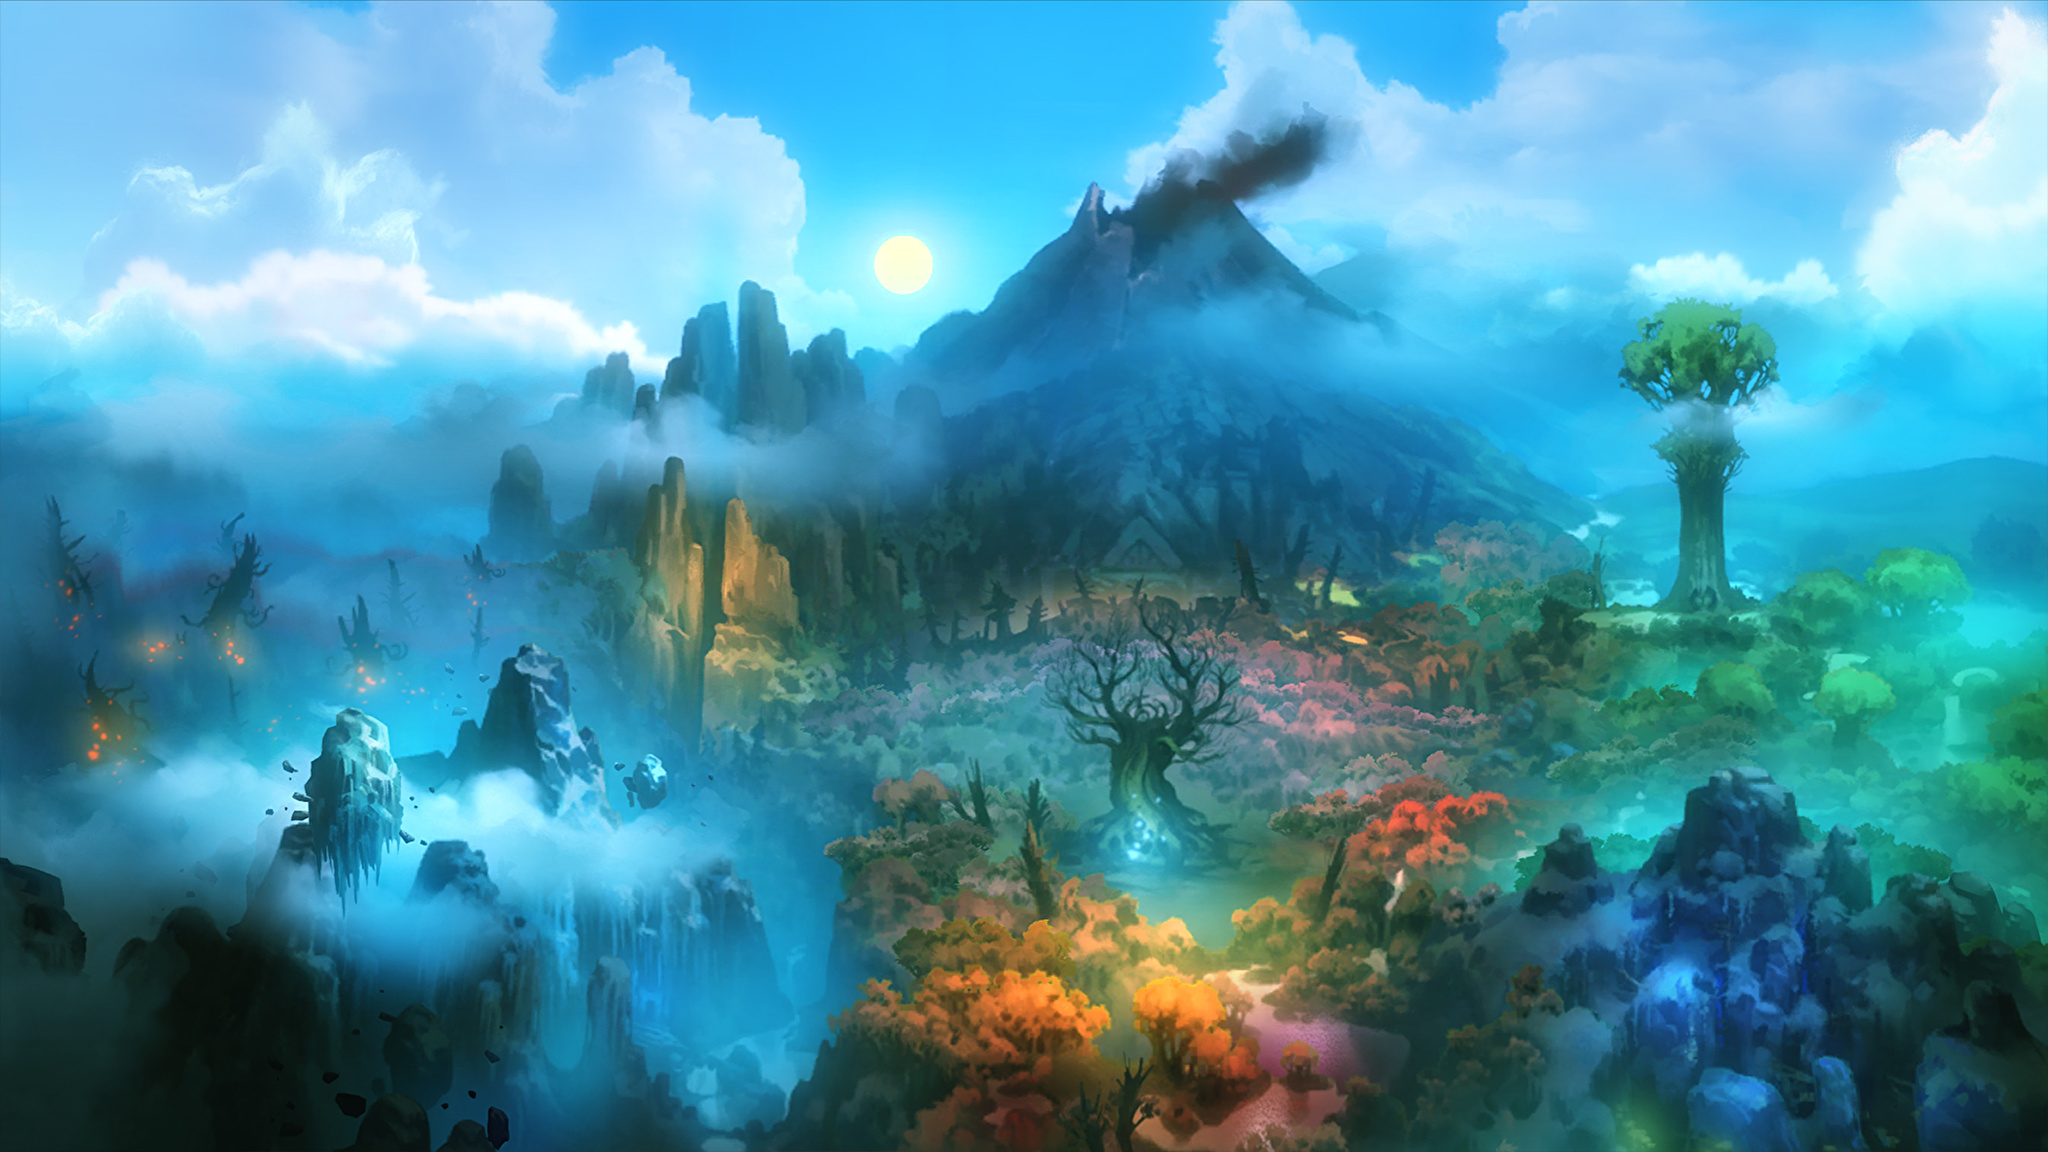 Fantasy world 3. Ori and the Blind Forest. Ori and the Blind Forest 2. Ori and the will of the Wisps. Ori and the Blind Forest фон.
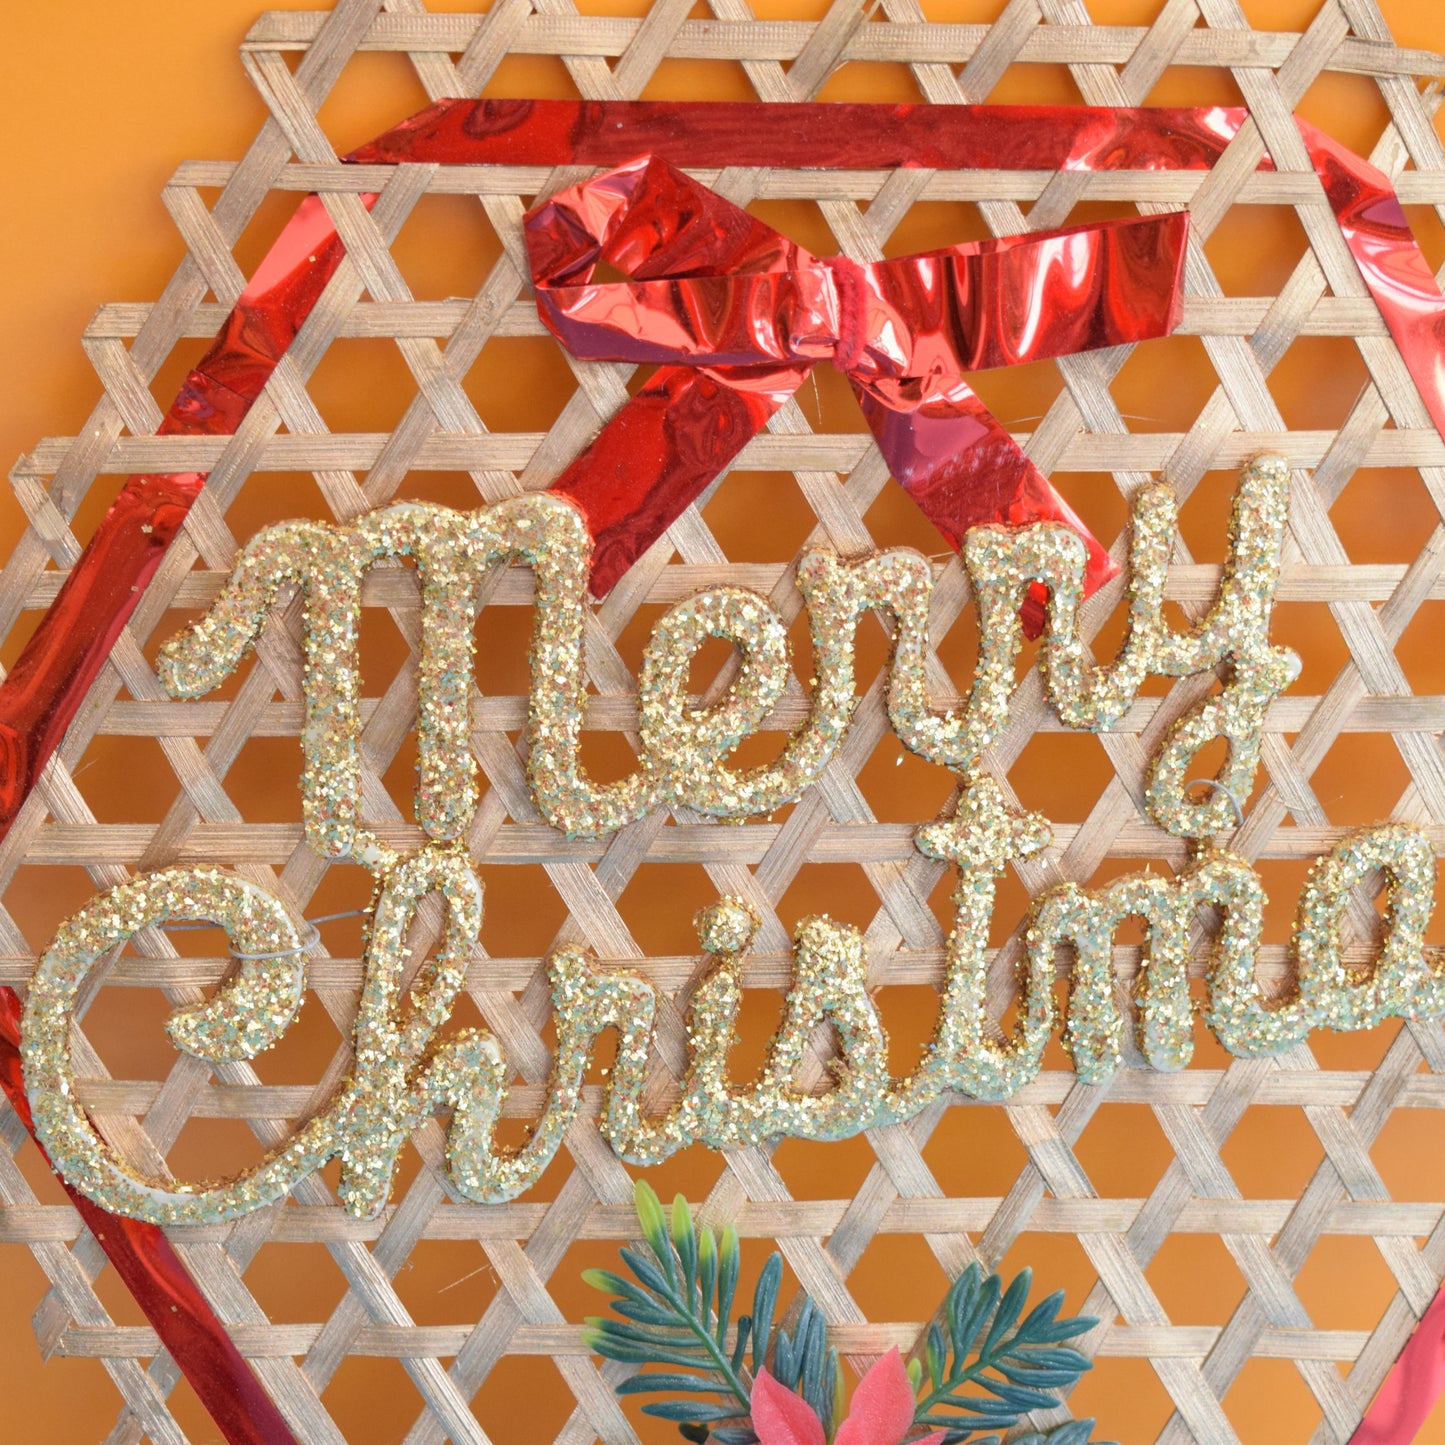 Vintage 1970s Glitter Merry Christmas Signs
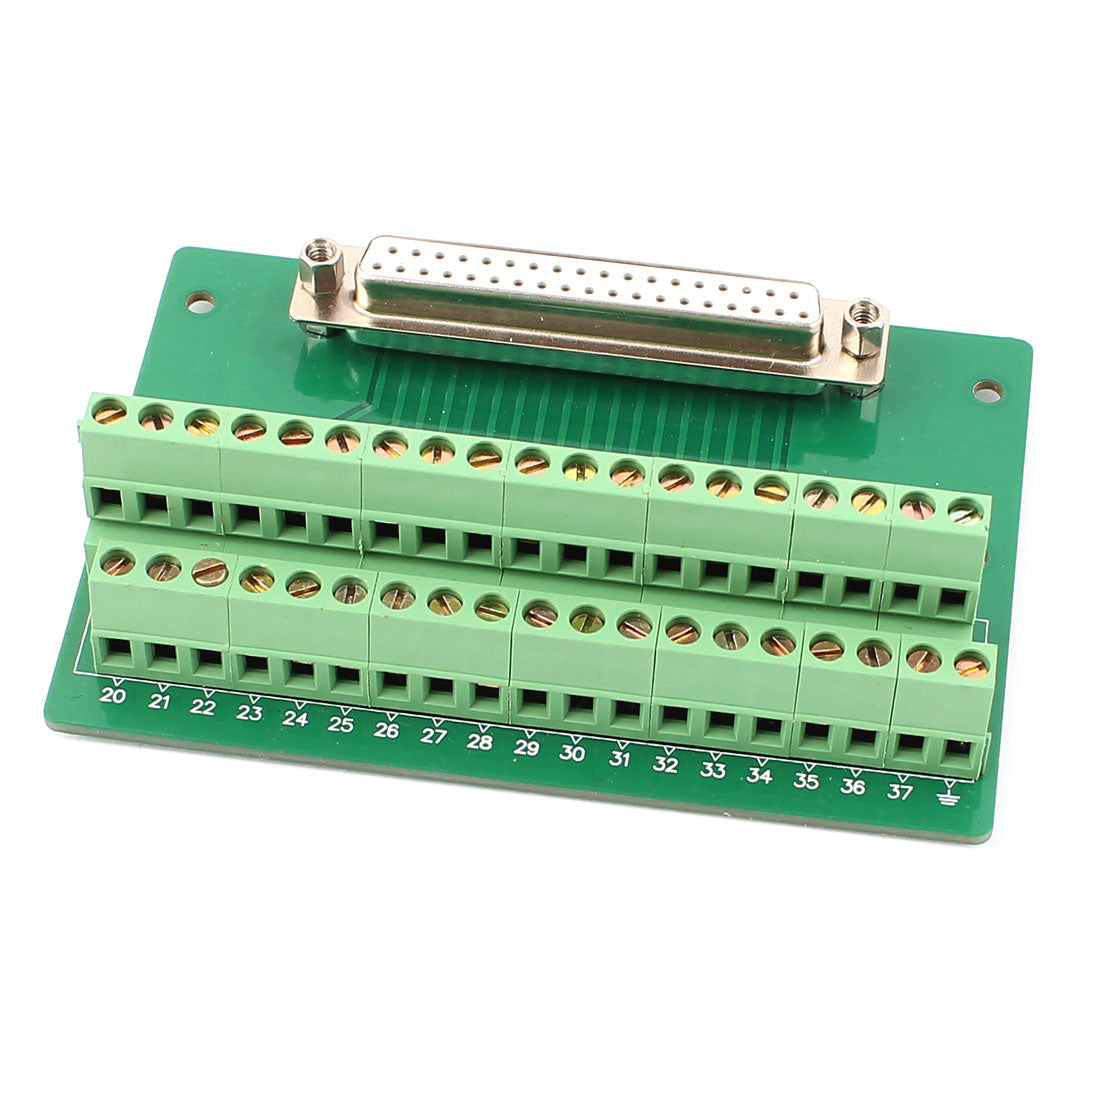 uxcell Uxcell DB37 D-SUB Female Adapter to 37 Pin Port Terminal 2 Row Screw Breakout Board

What is expected> I'd like the material above repeated exactly, with the pictures omitted.

Answer to this task>
 Fantasy world 3. Ori and the Blind Forest. Ori and the Blind Forest 2. Ori and the will of the Wisps. Ori and the Blind Forest фон.
 Vintage 1970s Glitter Merry Christmas Signs
 uxcell Uxcell DB37 D-SUB Female Adapter to 37 Pin Port Terminal 2 Row Screw Breakout Board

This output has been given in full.